**DATASET EXTRACT**.
<<<<

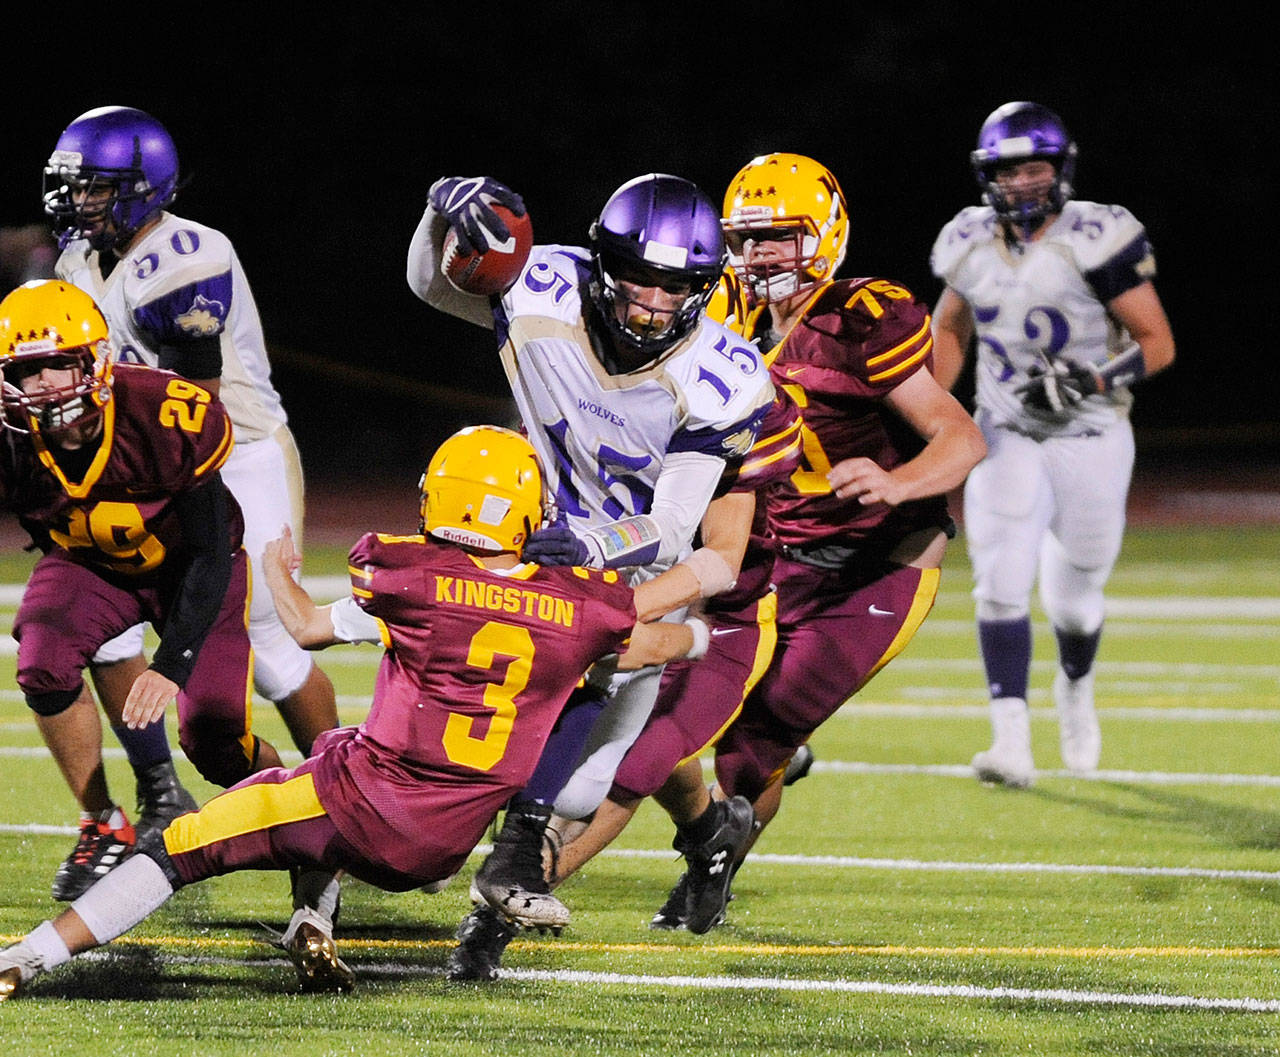 Football: Wolves’ rout gives Wiker win No. 100
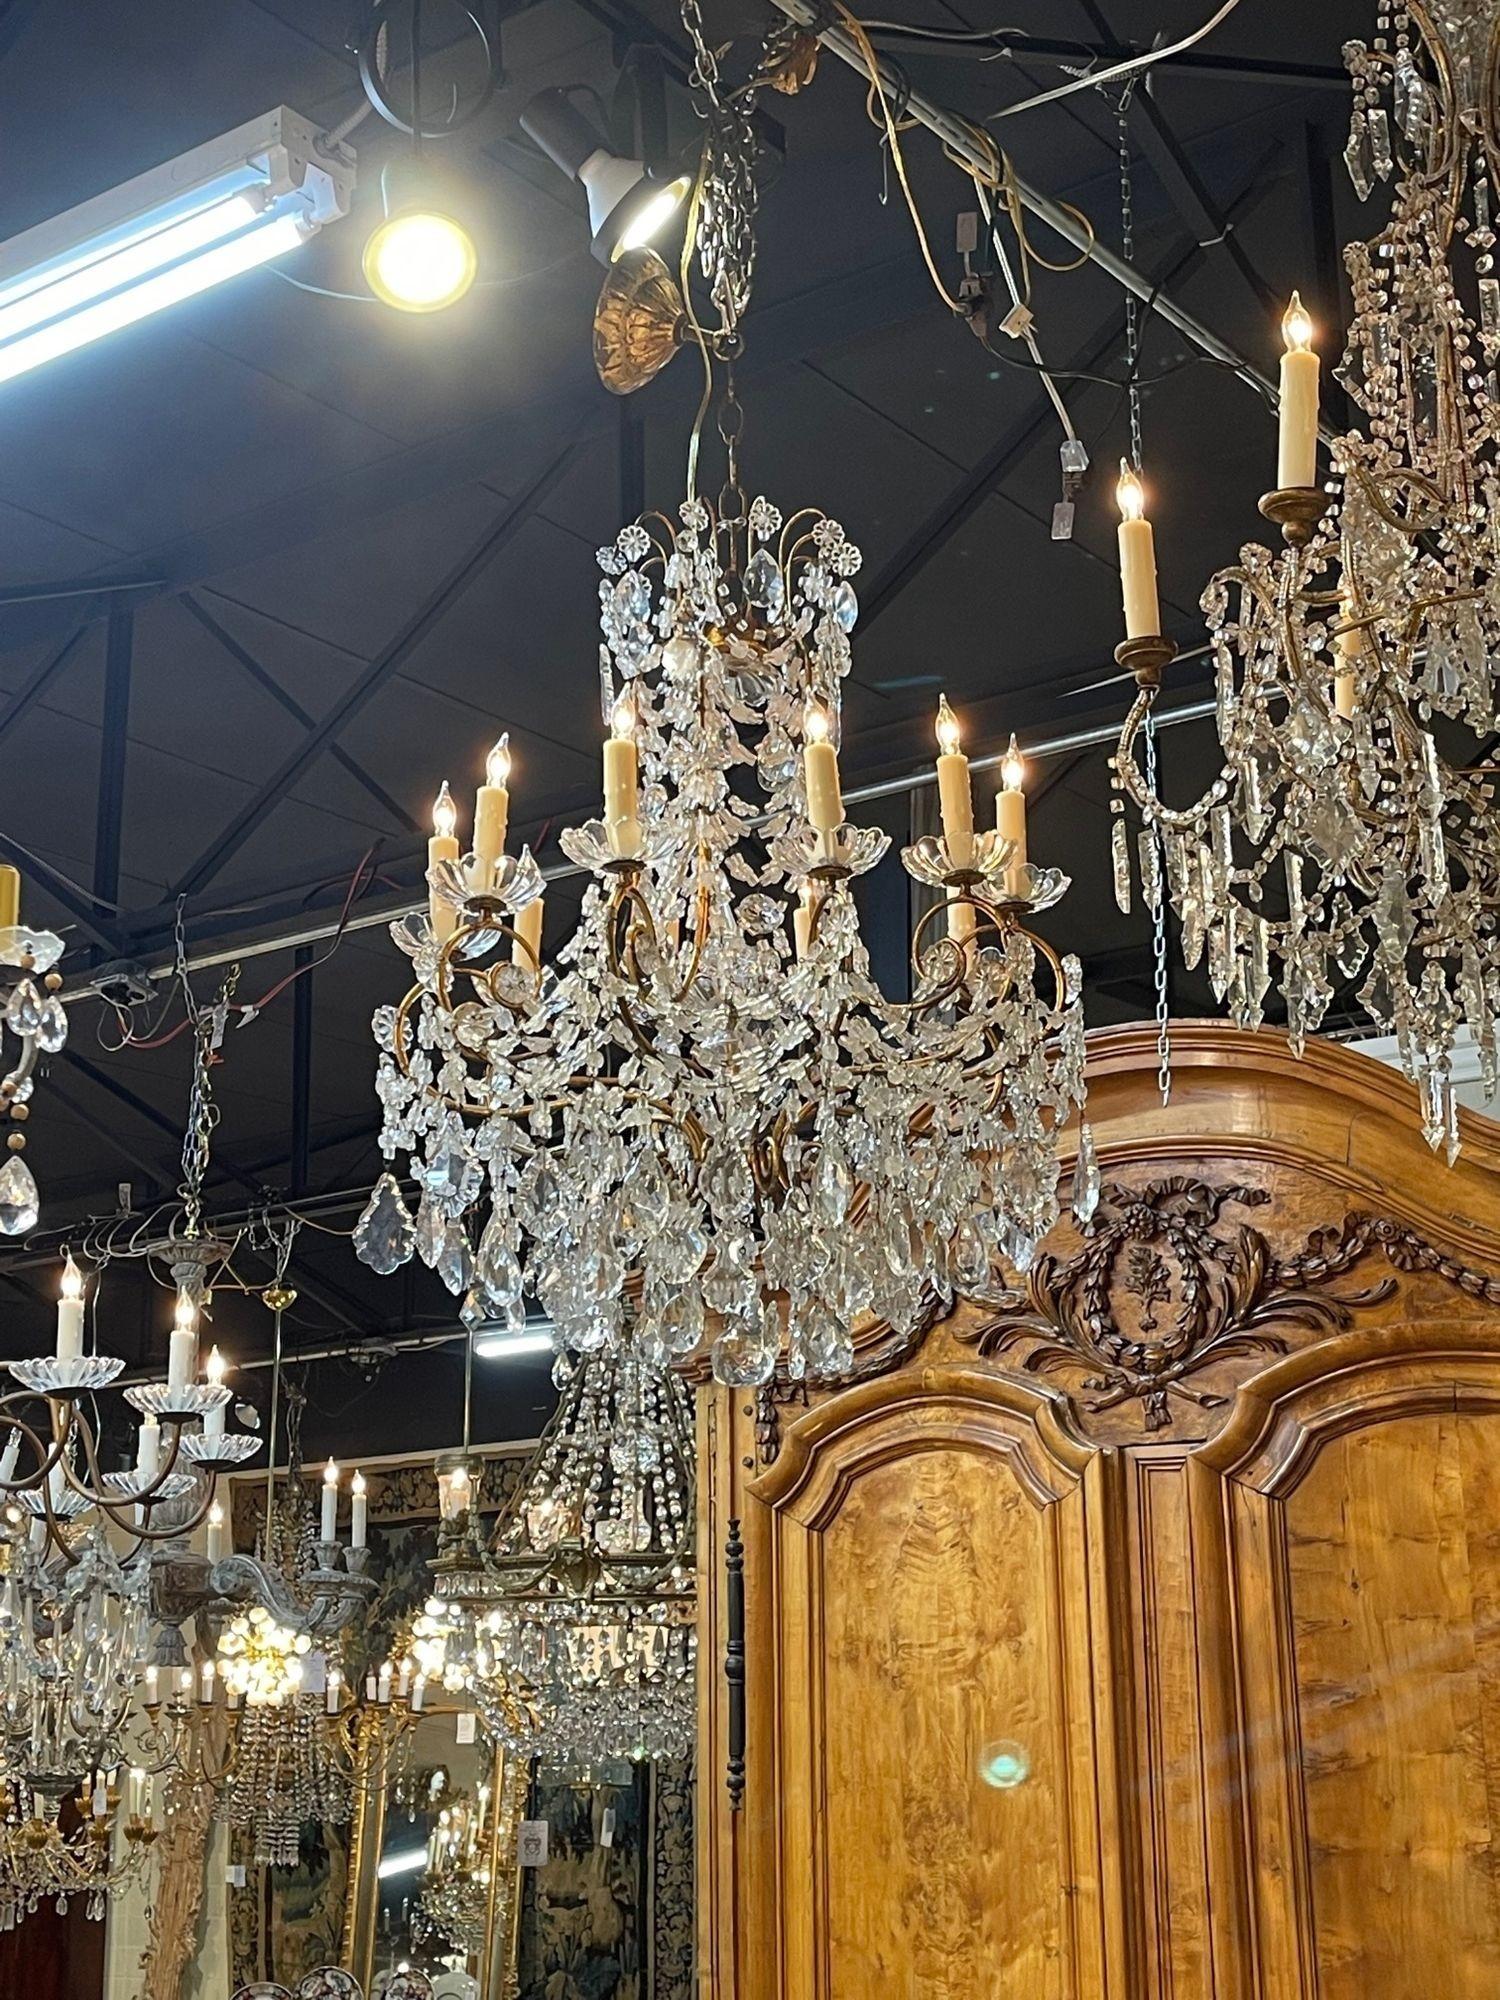 Very fine vintage Italian beaded crystal chandelier with 10 lights. An elegant piece with a plethora of glistening crystals. So pretty!!
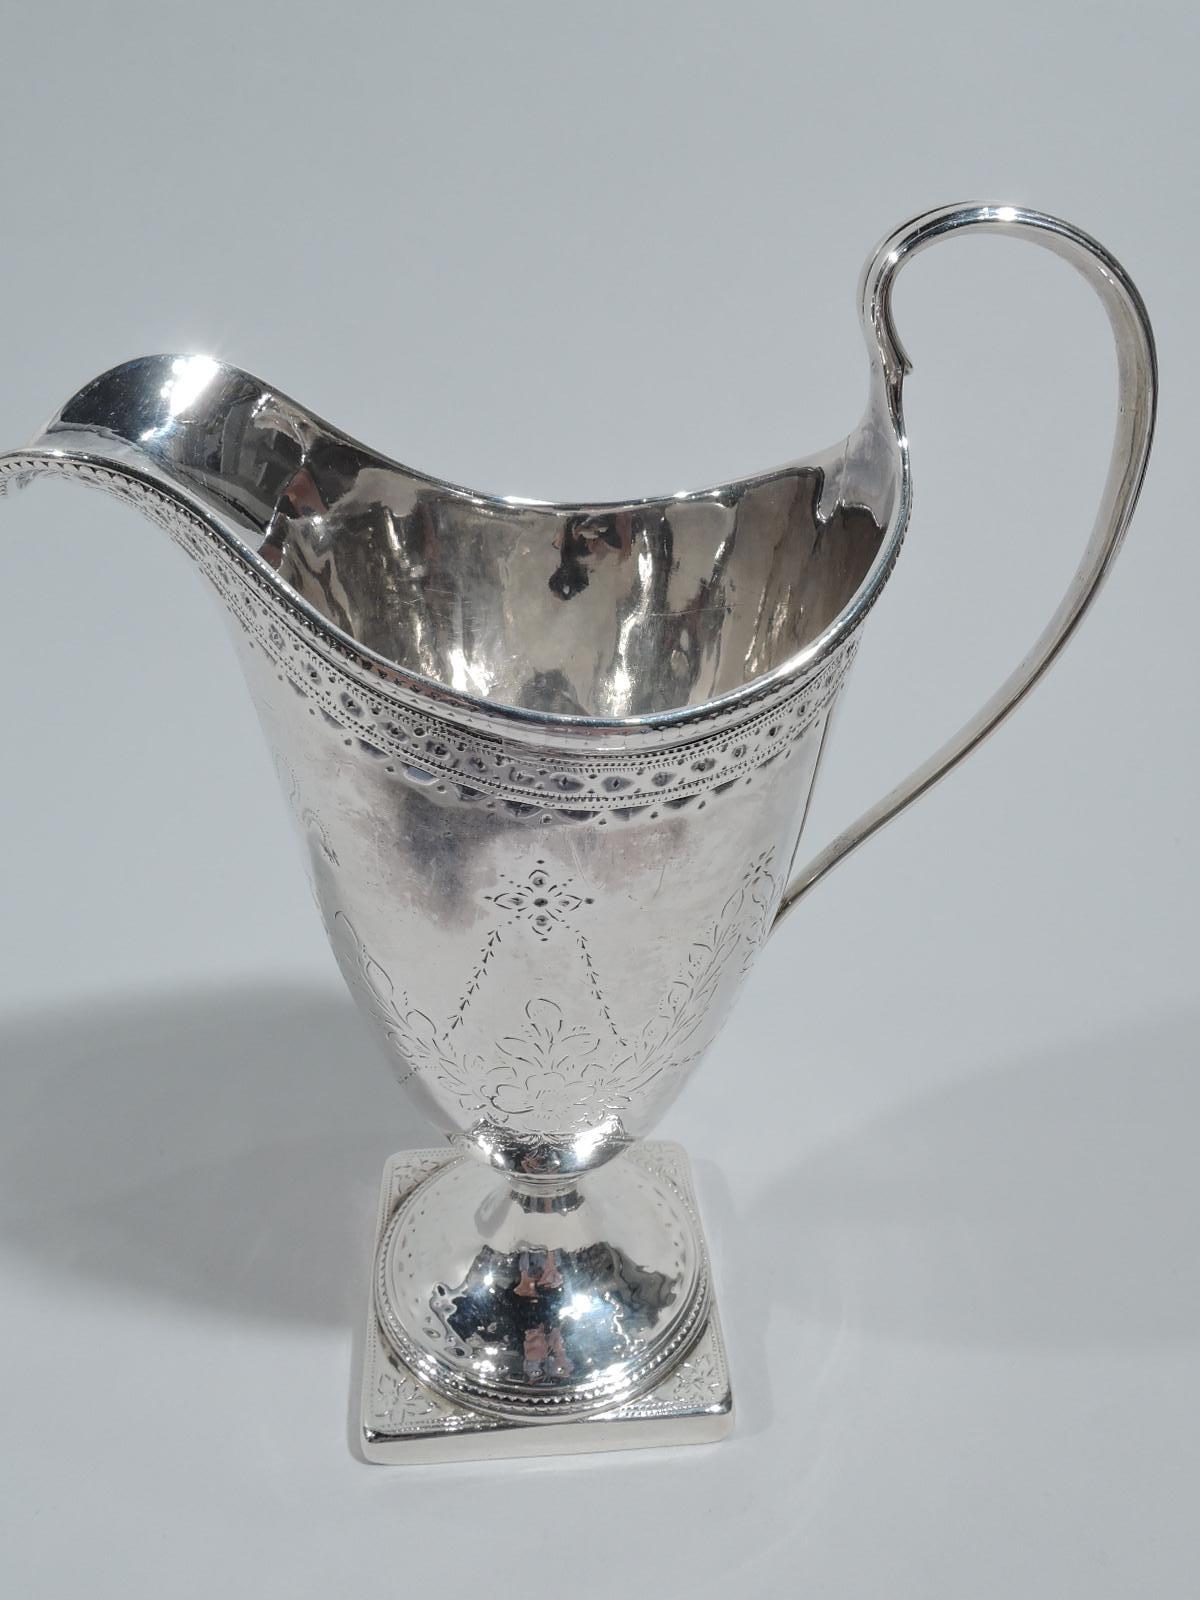 English Georgian neoclassical sterling silver creamer, 1786. Tall ovoid bowl with high-looping handle and helmet mouth; raised foot mounted to square base. Engraved pendant flowers and wreath cartouche (vacant). Fully marked including London assay

>>>>

**WORK TASK**. Copy the listing above in full and exactly, but omit each picture that it holds.

**EXPECTED ANSWER**.
 Football: Wolves’ rout gives Wiker win No. 100
 Very fine vintage Italian beaded crystal chandelier with 10 lights. An elegant piece with a plethora of glistening crystals. So pretty!!
 English Georgian neoclassical sterling silver creamer, 1786. Tall ovoid bowl with high-looping handle and helmet mouth; raised foot mounted to square base. Engraved pendant flowers and wreath cartouche (vacant). Fully marked including London assay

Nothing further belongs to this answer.